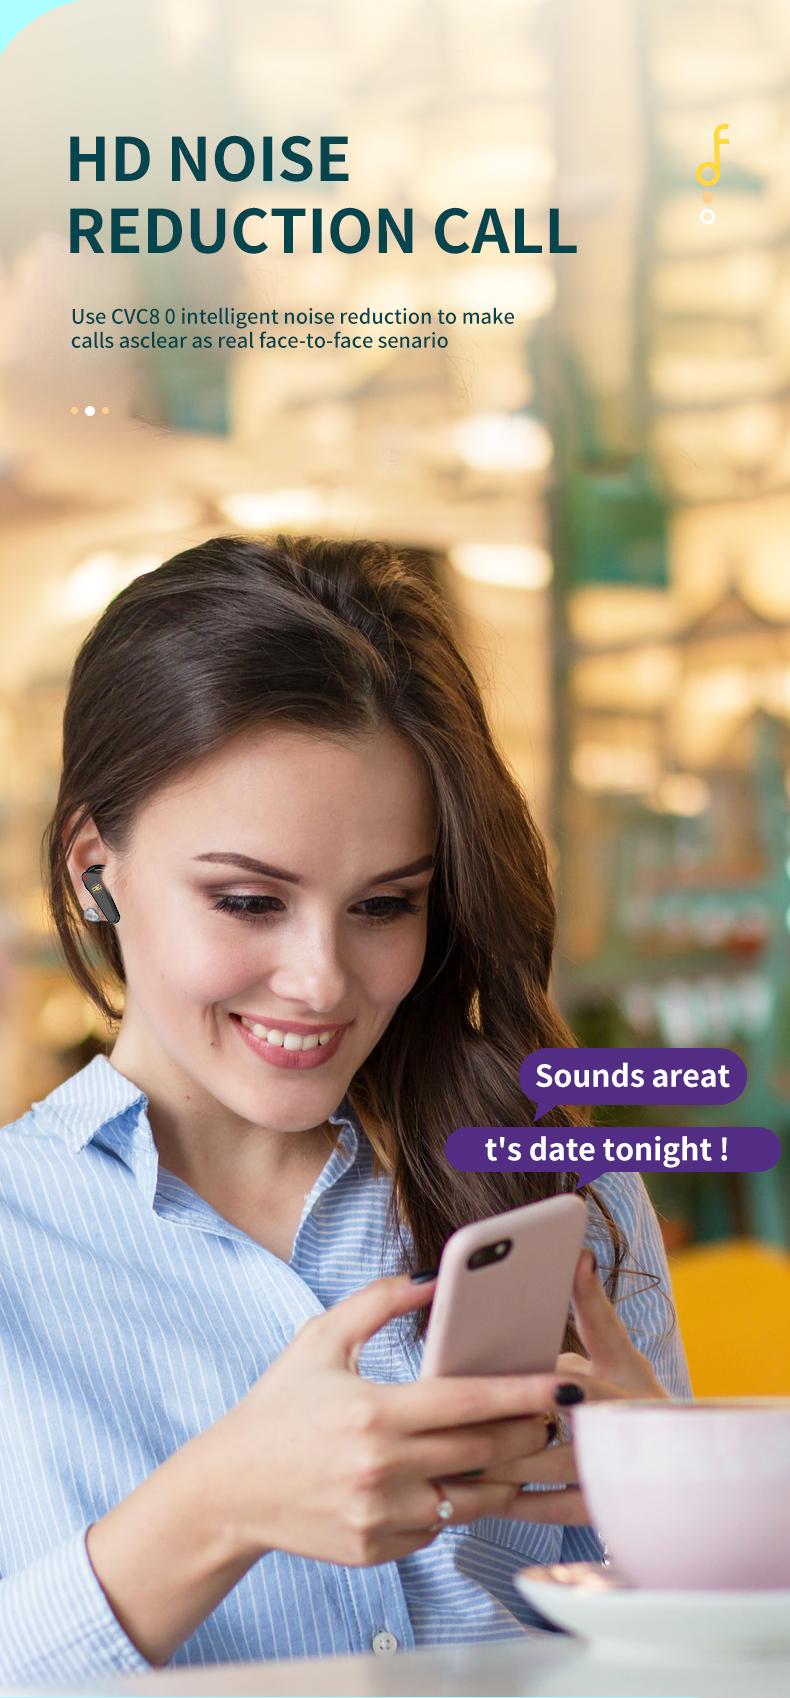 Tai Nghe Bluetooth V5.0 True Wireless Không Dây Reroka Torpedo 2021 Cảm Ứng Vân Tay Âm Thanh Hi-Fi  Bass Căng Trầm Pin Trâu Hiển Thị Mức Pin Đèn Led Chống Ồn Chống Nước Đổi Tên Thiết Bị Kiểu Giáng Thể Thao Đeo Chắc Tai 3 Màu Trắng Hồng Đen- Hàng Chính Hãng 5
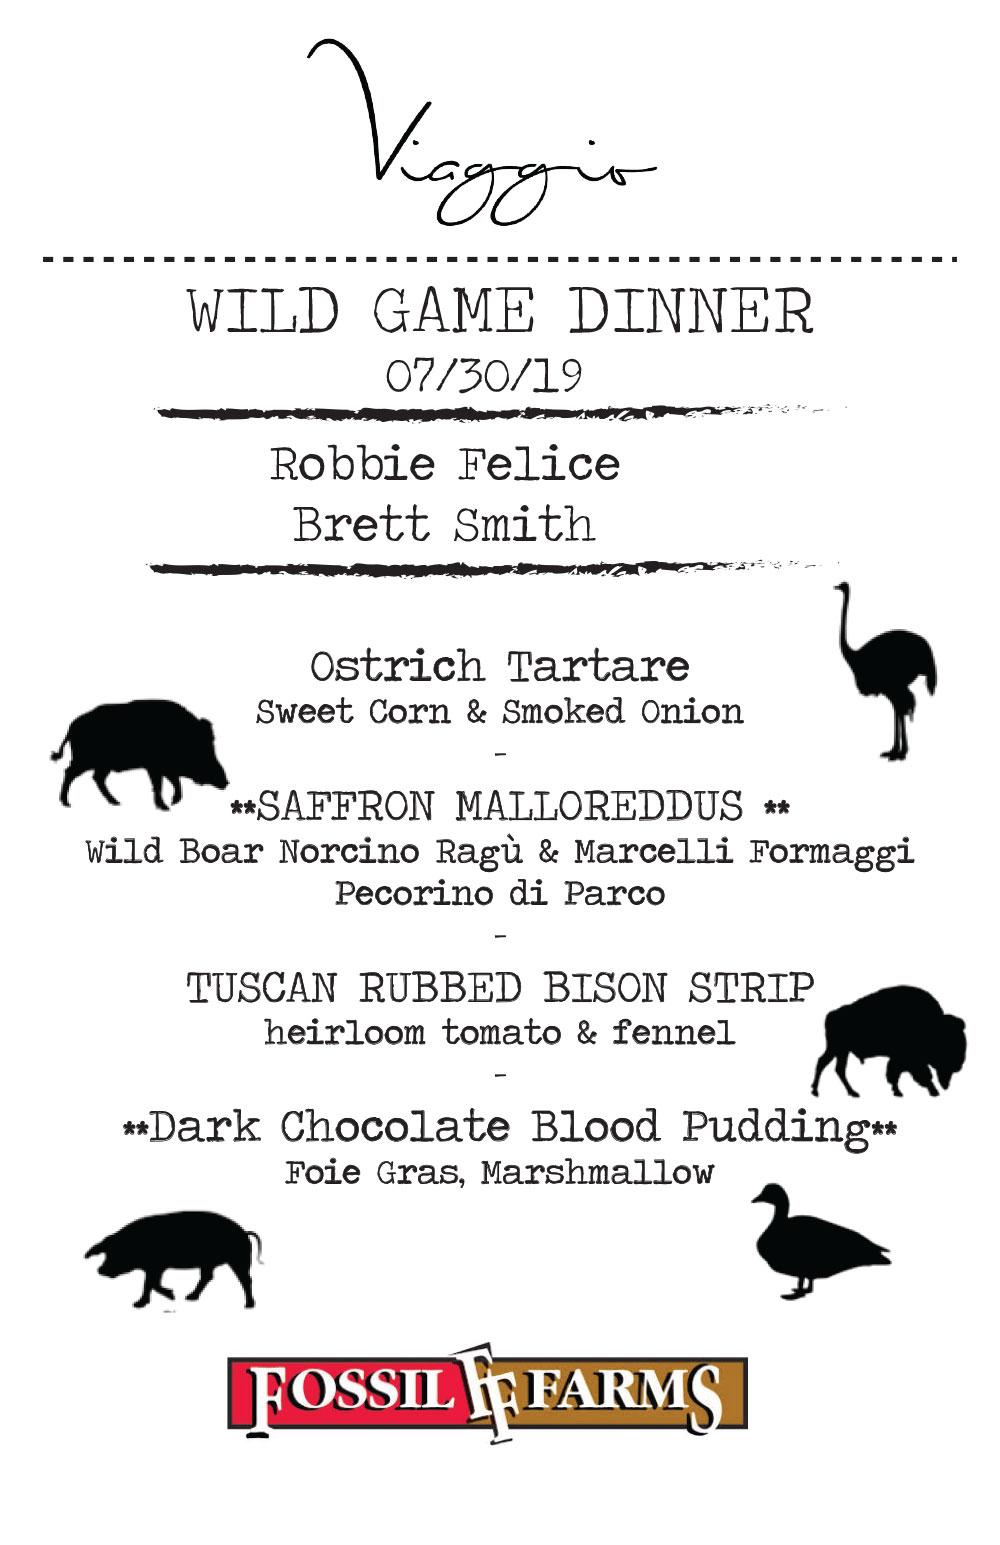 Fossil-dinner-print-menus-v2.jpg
---
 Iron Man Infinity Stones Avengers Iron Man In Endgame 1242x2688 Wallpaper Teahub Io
---
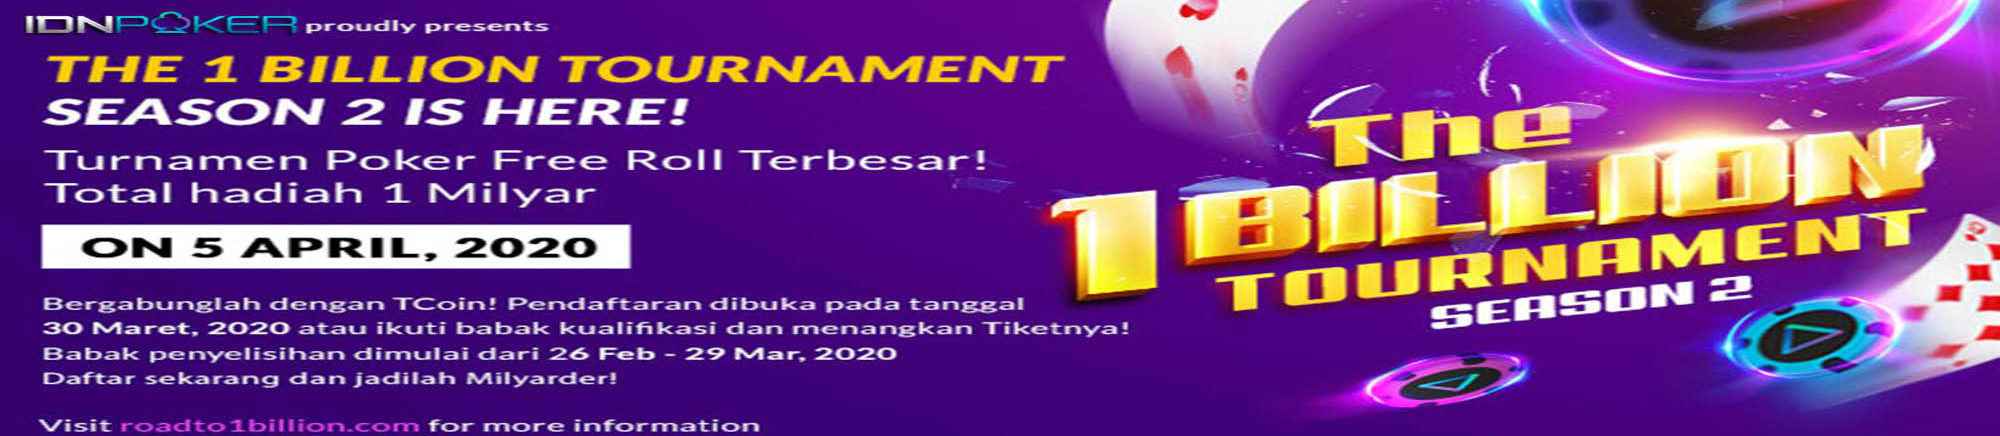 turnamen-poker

Problem to solve
With the pictures omitted, copy exactly the lines of the listing above starting at the line containing "Tai Nghe Bluetooth" and ending at the line containing "Fossil-dinner-print-menus-v2.jpg", both included.

Exercise output
 Tai Nghe Bluetooth V5.0 True Wireless Không Dây Reroka Torpedo 2021 Cảm Ứng Vân Tay Âm Thanh Hi-Fi  Bass Căng Trầm Pin Trâu Hiển Thị Mức Pin Đèn Led Chống Ồn Chống Nước Đổi Tên Thiết Bị Kiểu Giáng Thể Thao Đeo Chắc Tai 3 Màu Trắng Hồng Đen- Hàng Chính Hãng 5
 Fossil-dinner-print-menus-v2.jpg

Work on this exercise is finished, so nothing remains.